▶ Records from a collection

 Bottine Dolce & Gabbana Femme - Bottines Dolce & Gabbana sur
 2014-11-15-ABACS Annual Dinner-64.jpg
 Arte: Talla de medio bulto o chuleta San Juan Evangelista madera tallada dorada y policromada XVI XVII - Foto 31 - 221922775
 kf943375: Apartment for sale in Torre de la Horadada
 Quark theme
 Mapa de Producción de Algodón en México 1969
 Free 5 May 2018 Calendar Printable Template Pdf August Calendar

▶ Prompt
Give back exactly the lines from the one containing "kf943375: Apartment for" through the last line of the records.

▶ Solution for this task
 kf943375: Apartment for sale in Torre de la Horadada
 Quark theme
 Mapa de Producción de Algodón en México 1969
 Free 5 May 2018 Calendar Printable Template Pdf August Calendar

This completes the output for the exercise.